Mais informação, melhor decisão: a inteligência artificial que antecipa resultados da cirurgia ao cancro da mama

Não se trata do conto de fadas, mas o projeto CINDERELLA também faz magia quando o tema é o tratamento do cancro da mama. Arrancou há quatro anos, e a aproximar-se da reta final, há já um conjunto de ferramentas desenvolvidas para apoiar pacientes e médicos a antecipar, de forma realista, as alterações físicas decorrentes da cirurgia após tratamento do cancro da mama.

 

O projeto CINDERELLA reúne centros clínicos e de investigação de vários países, incluindo o INESC TEC, a Fundação Champalimaud e a Faculdade de Ciências da Universidade de Lisboa, em Portugal, bem como instituições em Itália, Alemanha, Polónia e Israel e usa modelos de inteligência artificial (IA) para prever e avaliar os resultados estéticos do tratamento do cancro da mama.

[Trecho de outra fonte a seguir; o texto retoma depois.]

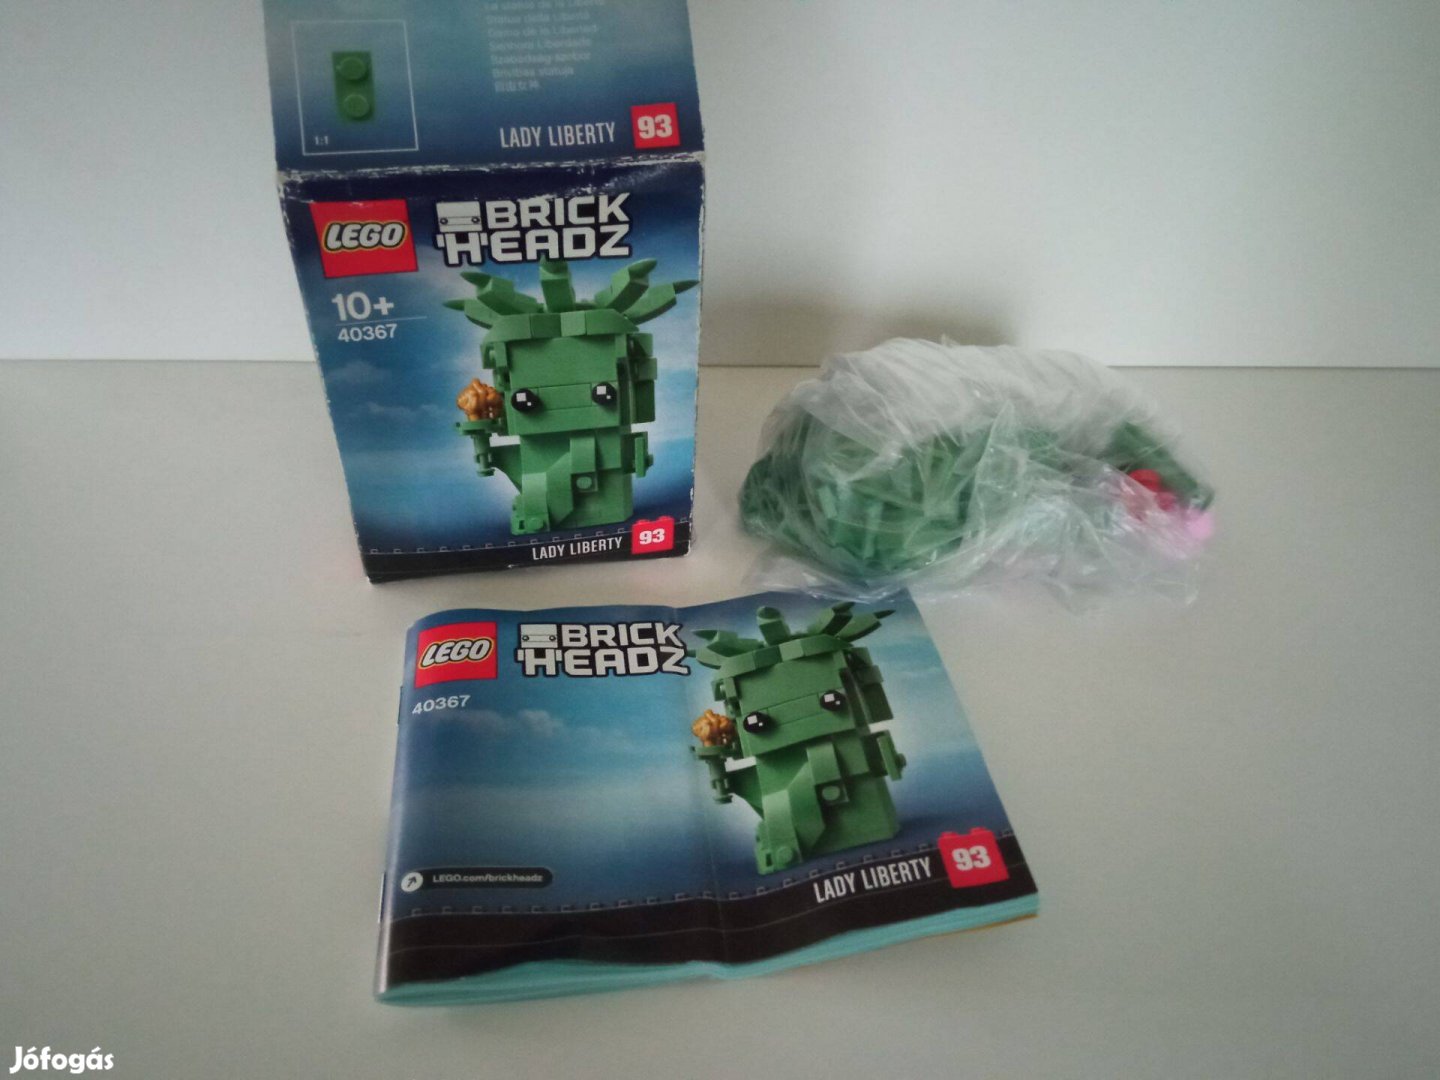 Lego Brickheadz 40367 Lady Liberty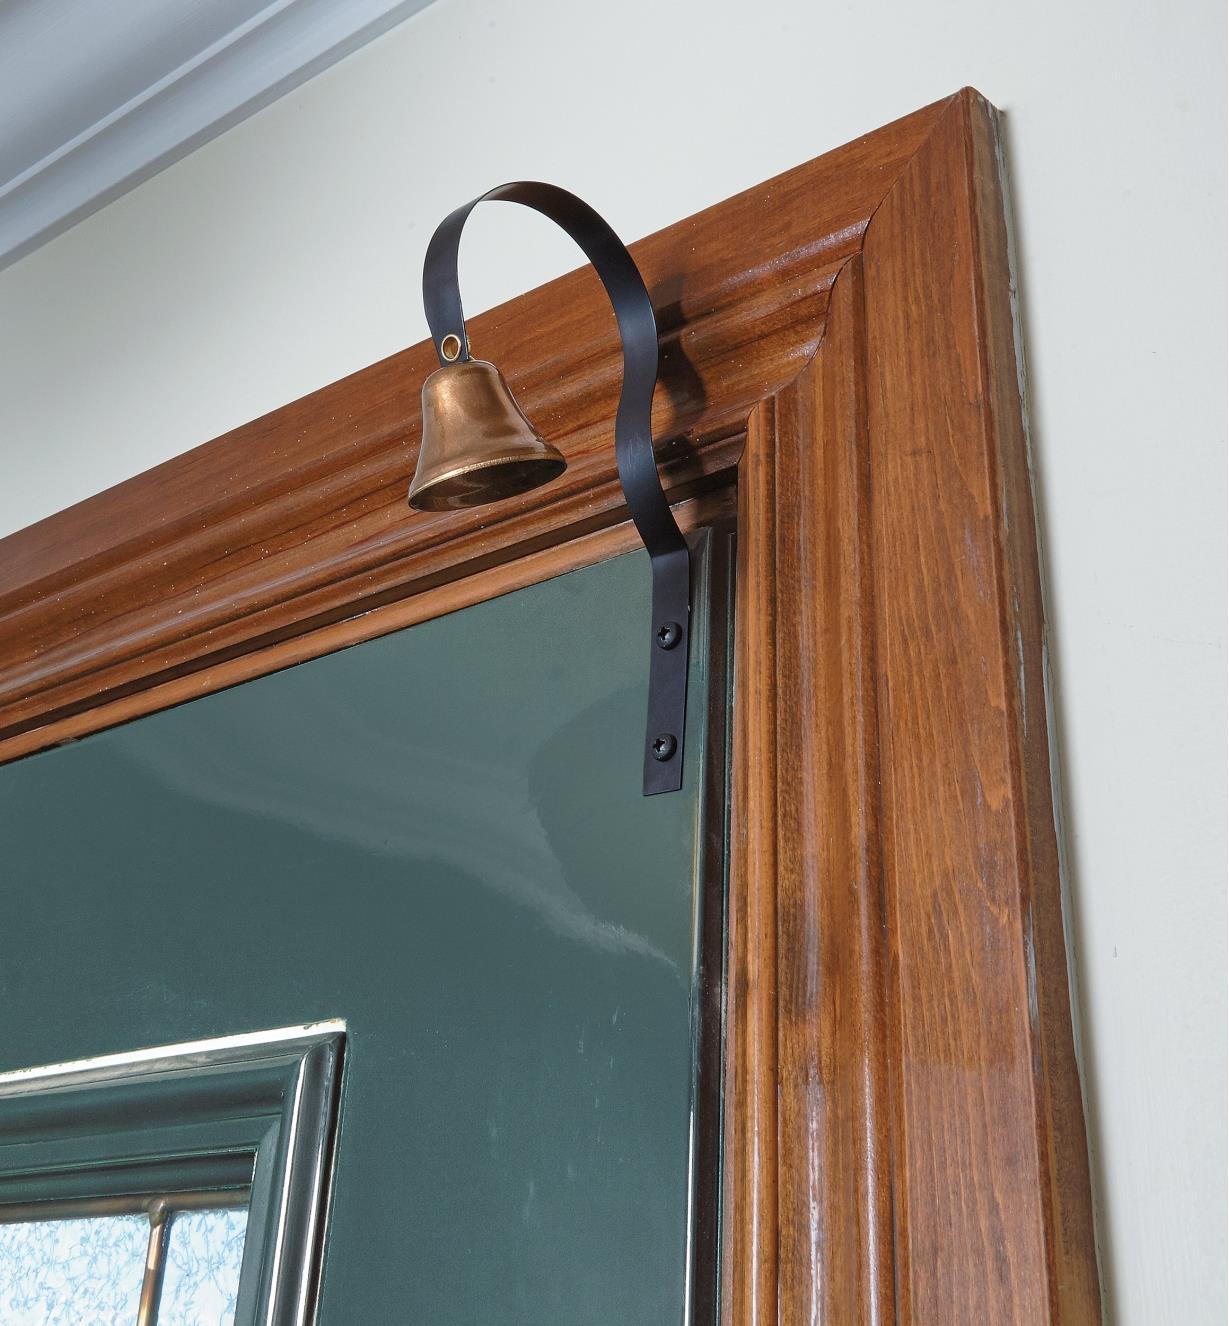 Brass Shopkeeper's Bell mounted above a door

No INESC TEC, a equipa focou-se no desenvolvimento de diferentes modelos de IA capazes de permitir uma visualização mais realista do torso das pacientes, com base em imagens pré-cirúrgicas ou em exemplos de resultados estéticos de pacientes anteriores. Helena Montenegro, uma das investigadoras do INESC TEC envolvida no projeto, refere que ao longo destes quatro anos foram muitos os desafios: “estamos a trabalhar com imagens médicas altamente sensíveis, com grande variabilidade anatómica e com resultados cirúrgicos que dependem de múltiplos fatores clínicos, o que exigiu criar modelos robustos. O impacto deste trabalho vai além da tecnologia; tem impacto na autoestima, na qualidade de vida e na recuperação emocional das pacientes.”

Um dos modelos criados recorre a técnicas avançadas de aprendizagem profunda, incluindo redes generativas adversariais e arquiteturas modernas de visão computacional, permitindo criar simulações personalizadas e realistas. O objetivo é gerar, a partir de uma imagem pré-cirúrgica do torso da paciente, uma previsão visual de como o corpo poderá ficar após a cirurgia.

Outra vertente da investigação desenvolvida no INESC TEC baseia-se na identificação automática de pacientes anteriores com características corporais semelhantes, cujos resultados pós-cirúrgicos podem servir de referência. Estes modelos analisam múltiplas características visuais e estruturais para encontrar exemplos clínicos comparáveis, permitindo que a paciente visualize resultados reais obtidos em casos semelhantes ao seu.

Para aumentar o realismo das previsões, a equipa desenvolveu ainda métodos de modelação tridimensional do torso, permitindo uma visualização mais imersiva e detalhada das alterações. “A reconstrução 3D melhora a perceção espacial e contribui para uma compreensão mais precisa das possíveis transformações físicas. Estas soluções assentam também em modelos de deteção automática de contornos e segmentação, que permitem identificar e delimitar as estruturas anatómicas relevantes nas imagens clínicas. Estes modelos de segmentação são fundamentais para garantir precisão e consistência nas etapas seguintes de previsão e avaliação”, explica a investigadora.

Para além da previsão visual, foi ainda desenvolvido modelo de linguagem para avaliação estética, que ajuda a sistematizar e interpretar descrições clínicas e critérios subjetivos de avaliação estética, contribuindo para uma avaliação mais estruturada e consistente dos resultados.

Para facilitar a partilha de resultados com profissionais de saúde, foi desenvolvida a plataforma BreLoAI, uma aplicação escalável que permite apoiar a anotação, análise e visualização de imagens clínicas, funcionando como ponte entre investigadores e clínicos.

“A equipa do CINDERELLA tem procurado analisar ativamente o estado da arte em métodos de previsão e avaliação estética em cirurgia, não apenas no contexto do cancro da mama, mas também noutras áreas da cirurgia reconstrutiva e plástica. A IA pode assumir um papel central na humanização da decisão médica, colocando a tecnologia ao serviço de escolhas mais informadas e centradas na paciente”, conclui Helena Montenegro.

Os resultados destes trabalhos de investigação foram apresentados em várias conferências, incluindo em workshops das conferências de topo, tais como MICCAI (International Conference on Medical Image Computing and Computer Assisted Intervention) e ECCV (European Conference on Computer Vision), nas conferências EMBC (International Conference of the IEEE Engineering in Medicine and Biology Society) e ISBI (IEEE International Symposium on Biomedical Imaging).